Each of Oklo’s powerhouses is expected to produce between 50 and 75 megawatts, meaning the 1.2-gigawatt campus will require roughly 16 to 24 reactors, Carney says.
Economic impact is another major part of the conversation.
Oklo estimates the project will bring more than 700 skilled-trade positions during each construction phase and more than 500 full-time roles once the site is complete. Each powerhouse is expected to support roughly 35 permanent positions, with staffing increasing as more units become operational.
Oklo also says the campus will generate local and county tax revenue to support schools, emergency services and infrastructure.
“The big one for local effect is going to be tax base,” Carney says. “It’s unclear exactly what the financing is of this … Will there be local property taxes paid on the site or is it going to be a federal site?”
Pike County Auditor Davida Brown says the project may be subject to local property taxes.

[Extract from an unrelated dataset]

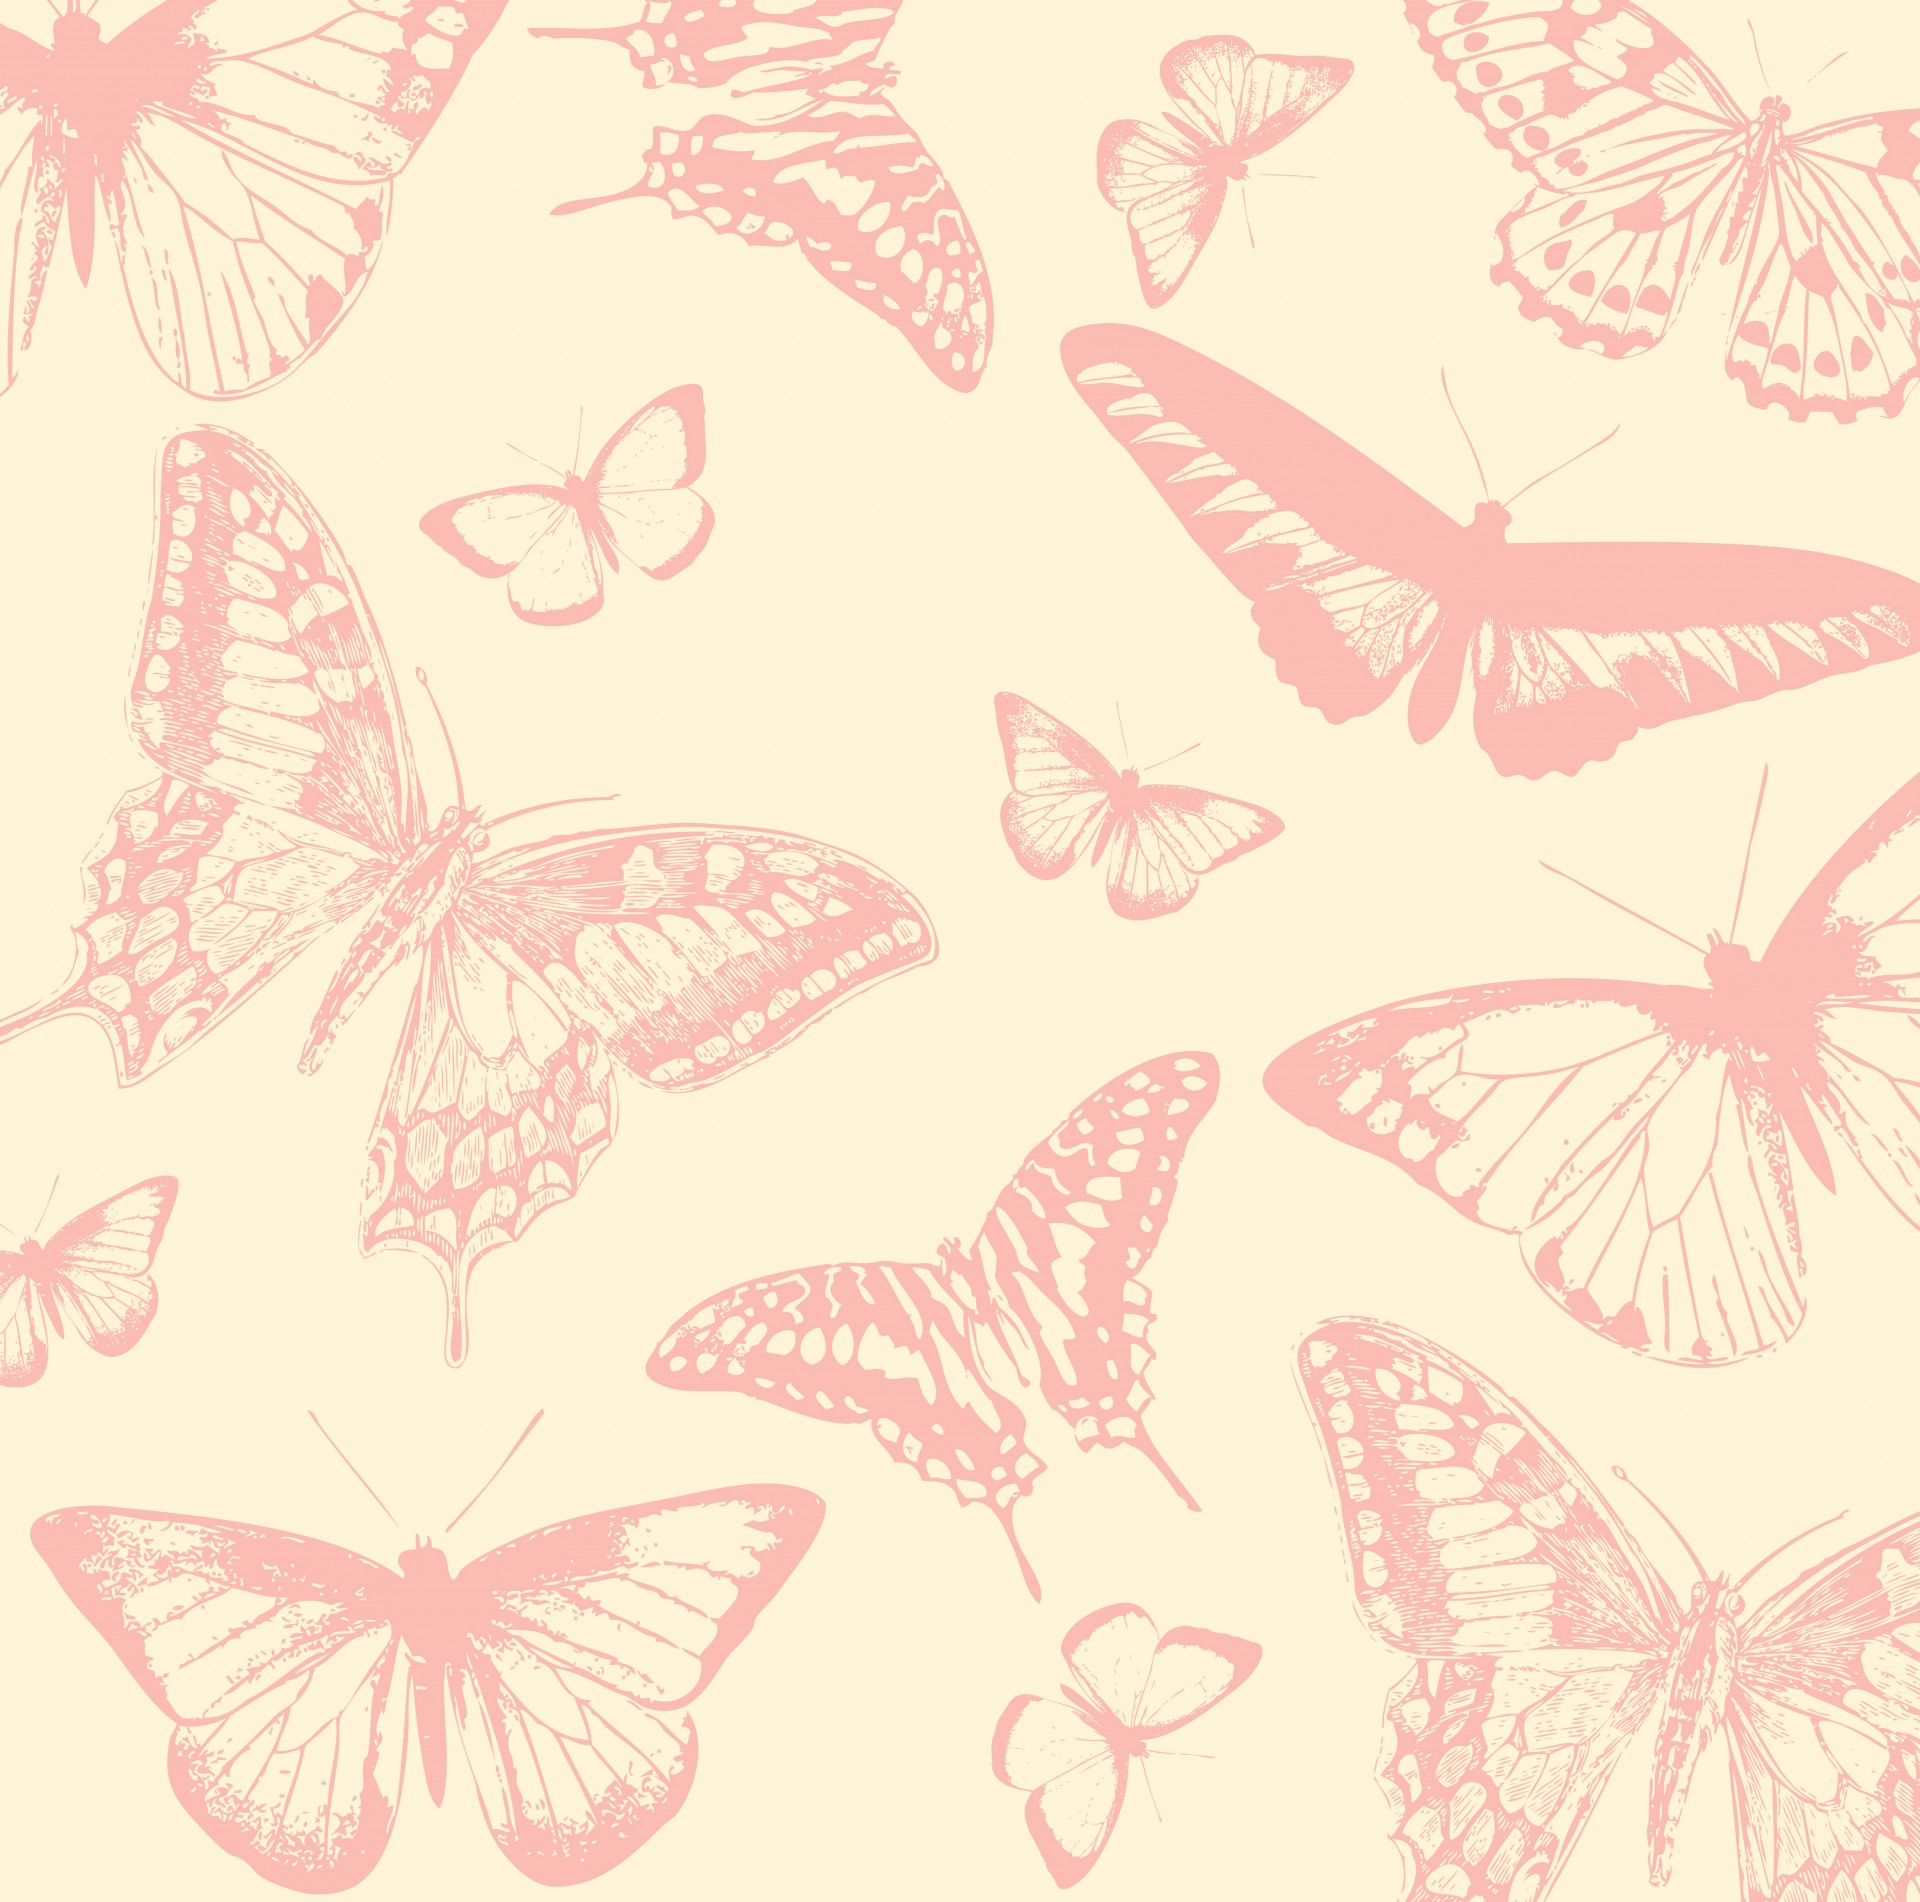 Butterfly Background Vintage Style

Oklo purchased the site from the Southern Ohio Diversification Initiative, and the property will be added to the county’s tax duplicate for tax year 2026, payable in 2027.

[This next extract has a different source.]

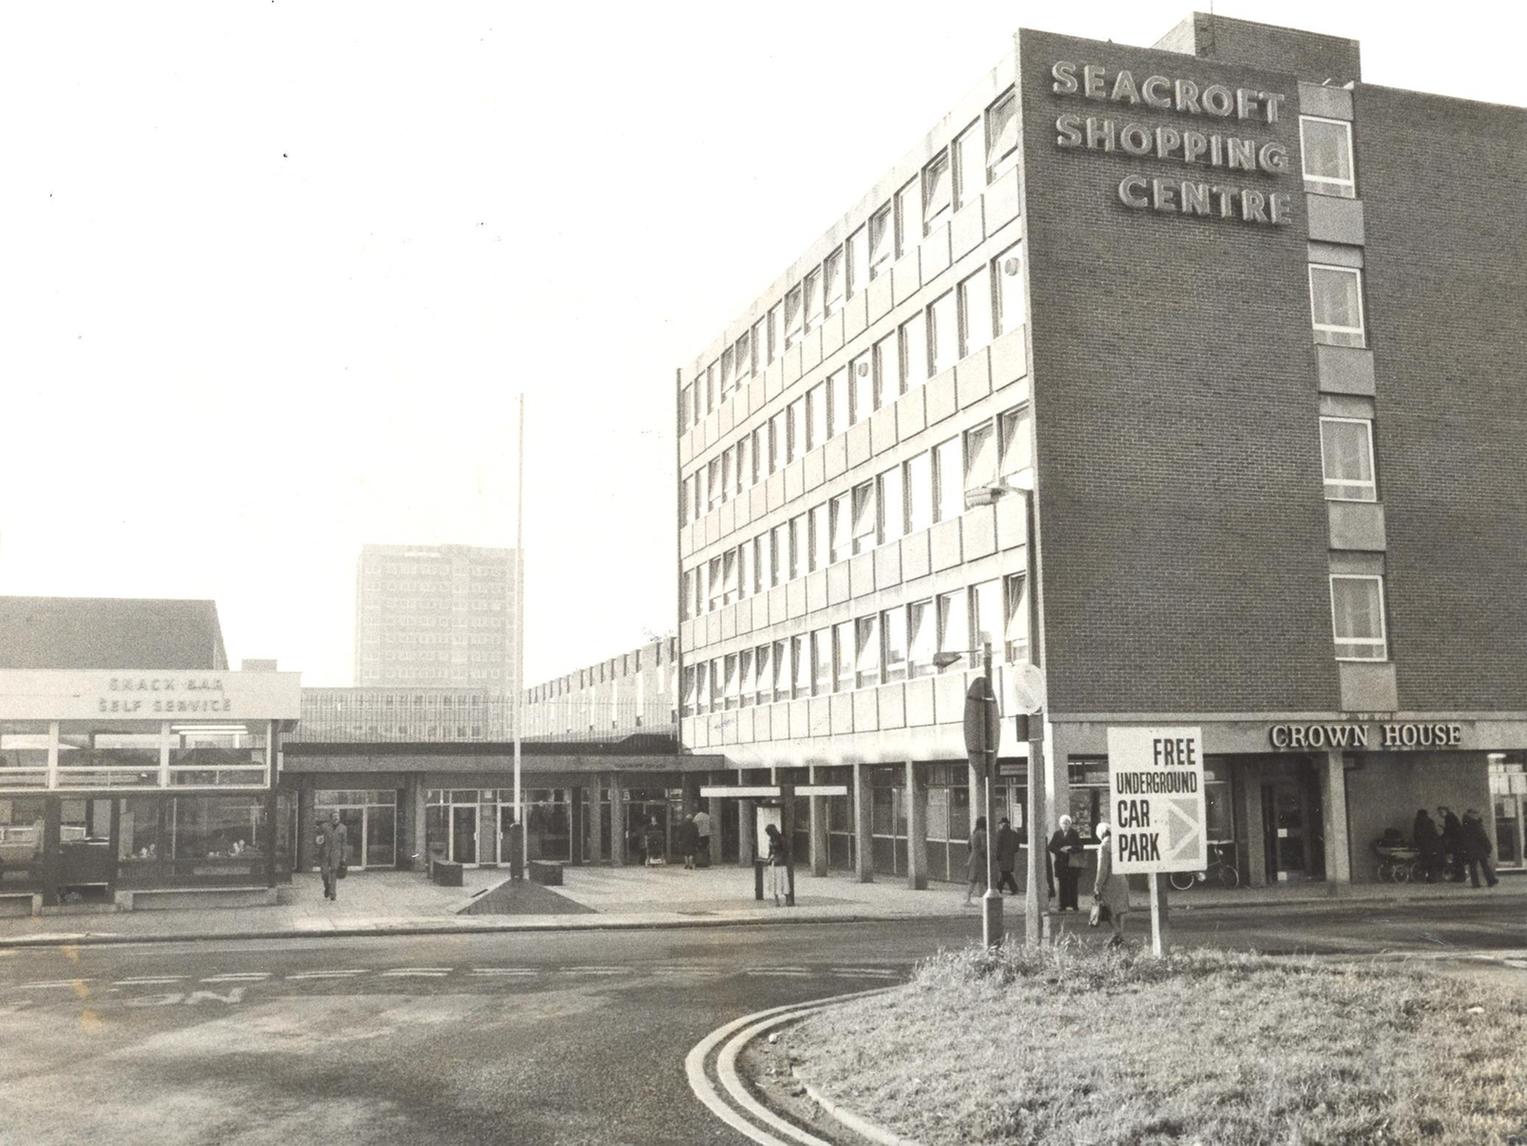 Seacroft Shopping Centre with its 'free undergound car park'

Because the site will be classified as commercial or industrial property, Brown says it should not directly affect residential property taxes. However, it might increase the county’s overall tax base as the property’s value is added.
Revenue generated from the site will be distributed through the standard property tax process, with funding going to local governments, school districts, the joint vocational school district and the township.
Carney says the Pike County location may offer advantages because of existing infrastructure from the former enrichment facility. The modular design of the reactors could also reduce financial risk compared with traditional nuclear plants.
“You can start generating revenue earlier before you’re at full capacity,” Carney says, which lowers what he and economists call the capital carrying cost of building the facility.
Carney says large construction projects like this can have ripple effects in rural economies, though the extent of those impacts often depend on who fills the jobs and whether they stay.
“These are presumably going to be relatively high-paying jobs,” Carney says. “It’s an interesting question about will the people that work at the site live in the area, or will they commute down from Columbus or Cincinnati, for instance, or Athens?”
Marida says that uncertainty is one of the concerns she hears from residents.
“The really high technical jobs, they bring other people in,” Marida says. “Then when the plant, if it goes out of business, and inevitably they do, then there are more people there without jobs.”
She believes investment in renewable energy would be a better path forward.
“We think that jobs in solar and wind are better and safer and cleaner and far less dangerous,” Marida says. “That’s the kind of thing that we want the Department of Energy to be proposing.”

The Oklo-Meta partnership is structured differently than a traditional power plant. Under the agreement, Meta will prepay for electricity, helping fund development while securing energy for its operations.
Oklo says that model allows the project to move forward without shifting costs to ratepayers, describing it as an “additive clean generation” that expands grid capacity.
Nuclear power provides about 20% of the nation’s electricity and about 55% of its carbon-free generation as of 2024, according to the World Nuclear Association. The Pike County site would connect to the PJM Interconnection grid, where demand is expected to grow later this decade, driven in part to data centers and other large users.
“We don’t think that that is necessary,” Marida says.
The proposal brings hope of jobs and new tax revenue for some Pike County residents and concerns for others.
“There’s no solution whatsoever to being done with the waste, and that will be around for millions of years,” Marida says.